The owner/visible dispatch split discovered earlier is still valid:

  • bookkeeping owner
  • resumed-into / visible dispatch affiliation

But that split belongs inside a stronger continuation representation, not alongside a continuation that only partially knows its own topology.

Scheduler Implication

Scheduler remains user-space handler logic.
It must not become the semantic owner of dispatch/continuation rules.
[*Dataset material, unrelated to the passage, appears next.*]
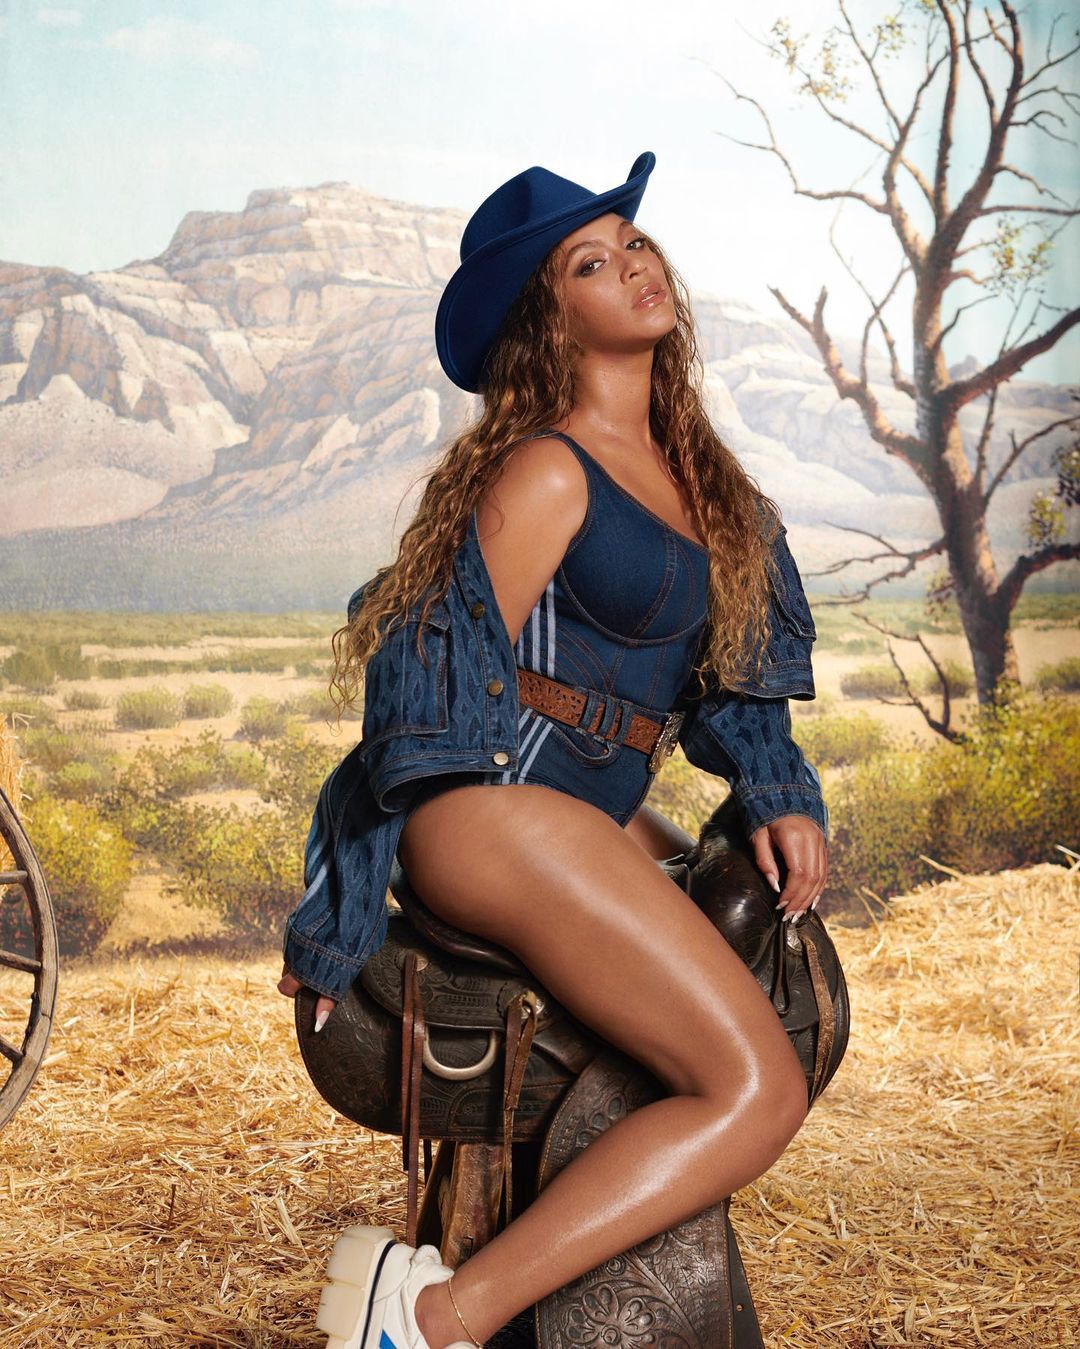 Beyoncé's Adidas x Ivy Park Announces Third Collection
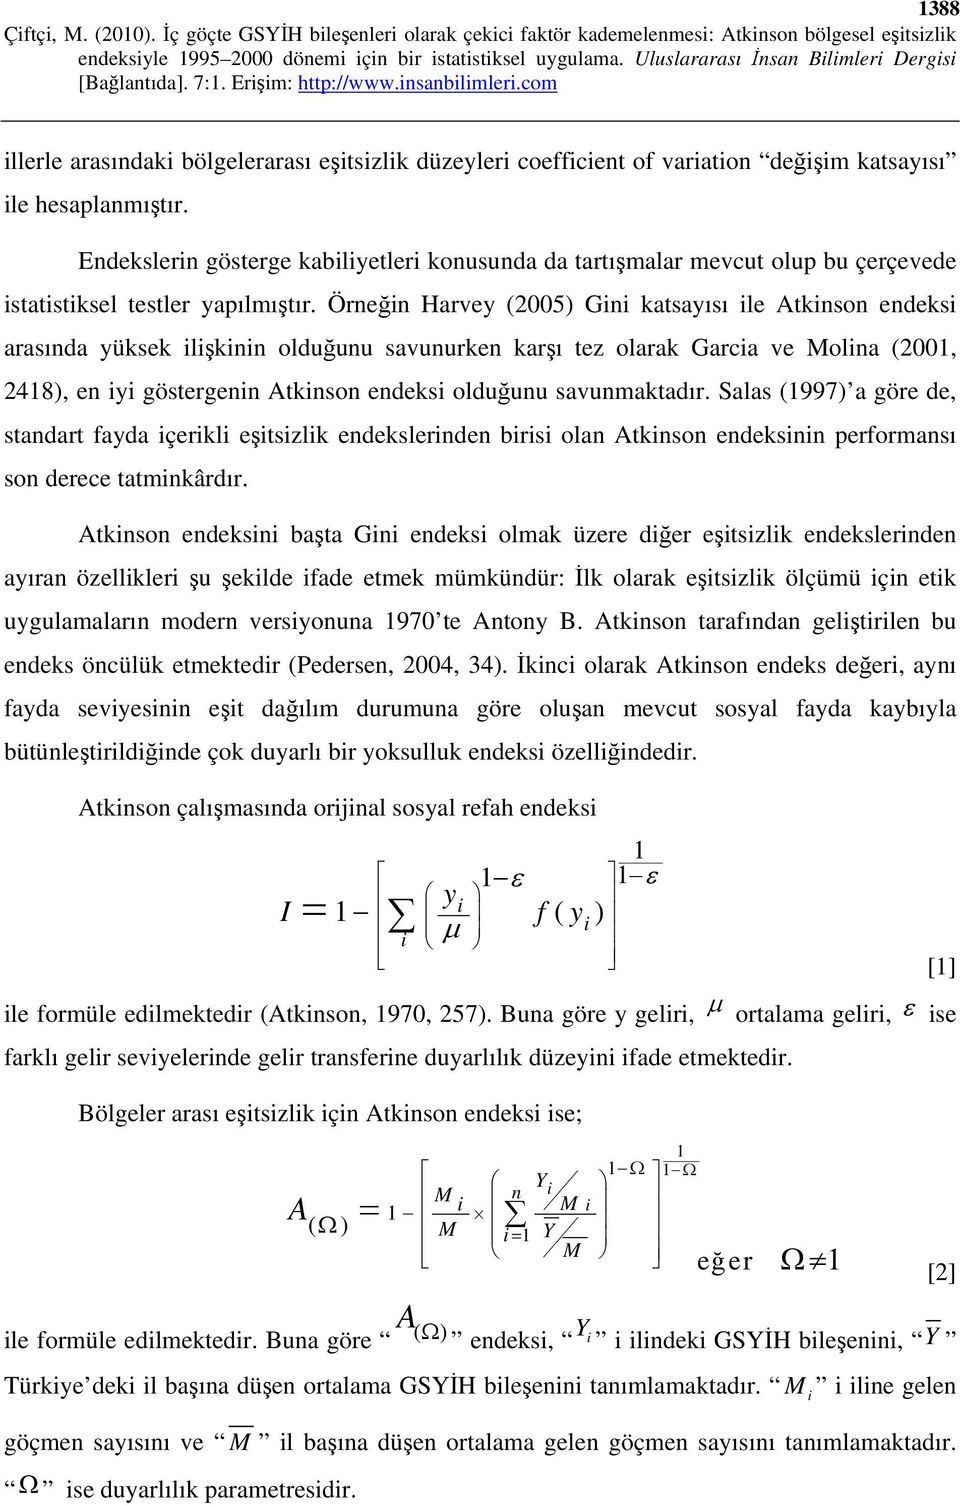 Örneğin Harvey (2005) Gini katsayısı ile Atkinson endeksi arasında yüksek ilişkinin olduğunu savunurken karşı tez olarak Garcia ve Molina (2001, 2418), en iyi göstergenin Atkinson endeksi olduğunu

The continuation model itself must be strong enough that scheduler can simply transport suspended computations.
That means:

  • no scheduler-specific reattachment hacks
  • no special VM-side lookup state for outer handler recovery
  • no need for scheduler to reconstruct missing handler topology

Await Implication

The final sync Await design should follow the same rule:

  • sync Await runtime is Rust-owned and handler-local
  • continuation/object reactivation must preserve the outer handler/interceptor structure naturally
  • resumed code after Await must still see outer handlers such as cache handlers and interceptors without special post-hoc repair

Traceback / Trace Implication

Traceback should become a pure projection of runtime truth.
That requires:

  • handler identity in trace payloads should come from runtime-owned stable identity (for example handler_scope_id)
  • active-chain suppression / stack attach should happen during active-chain assembly, not in the formatter
  • doeff/traceback.py should become render-only

Exact Current Code Areas

Core runtime:

  • packages/doeff-vm-core/src/continuation.rs
  • packages/doeff-vm-core/src/vm.rs
  • packages/doeff-vm-core/src/segment.rs
  • packages/doeff-vm-core/src/dispatch.rs
  • packages/doeff-vm-core/src/trace_state.rs

Scheduler / transport:

  • packages/doeff-core-effects/src/scheduler/mod.rs

Await:

  • packages/doeff-core-effects/src/handlers/mod.rs
  • doeff/handlers/await_handlers.py

What Has Already Been Learned From Experiments

Experiments have already established that:

  • pure caller-chain recovery is insufficient
  • a bare execution snapshot is insufficient for started continuation resume
  • nested dispatch exposes that bookkeeping owner and resumed-into topology are not the same concept
  • simply copying a few scope ids is not enough
  • the remaining failures are strongly tied to continuation topology, not just mutable state placement

Those experiments should inform the redesign instead of being repeated blindly.

Validation Targets

The main regression detectors remain:

  • tests/effects/test_finally_semaphore_over_release.py
  • tests/effects/test_effect_combinations.py
  • tests/test_dispatch_completion.py
  • tests/core/test_runtime_regressions_manual.py
  • tests/core/test_traceback_format_default.py
  • tests/core/test_spec_trace_001_examples.py
  • tests/core/test_traceback_spec_compliance.py
  • uv run pytest -q

Acceptance Criteria

  1. A continuation is explicitly treated as a first-class suspended computation object, not merely a frame snapshot that requires heuristic outer-structure repair
  2. Started continuation resume preserves outer handler/interceptor topology without relying on ad hoc caller-chain reconstruction
  3. Shared mutable runtime state remains external and store-backed; it is not cloned into continuations
  4. Live scope authority remains PromptBoundary.handler_scope_id
  5. Traceback becomes a pure projection of runtime truth; formatter-side repair is gone
  6. make sync, cargo check -q -p doeff-vm --manifest-path packages/doeff-vm/Cargo.toml, and uv run pytest -q all stay green

Relationship To Other Issues

  • #277: primary dispatch architecture rewrite
  • #281: immediate follow-up to remove remaining dispatch-root lookup compromise

This issue is the architectural parent of both the remaining started-continuation and traceback work.
If #281 is “delete the last fallback map,” this issue is now more precisely:

make continuations structurally complete enough that resume is reactivation of suspended computation state, not heuristic reconstruction of lost topology.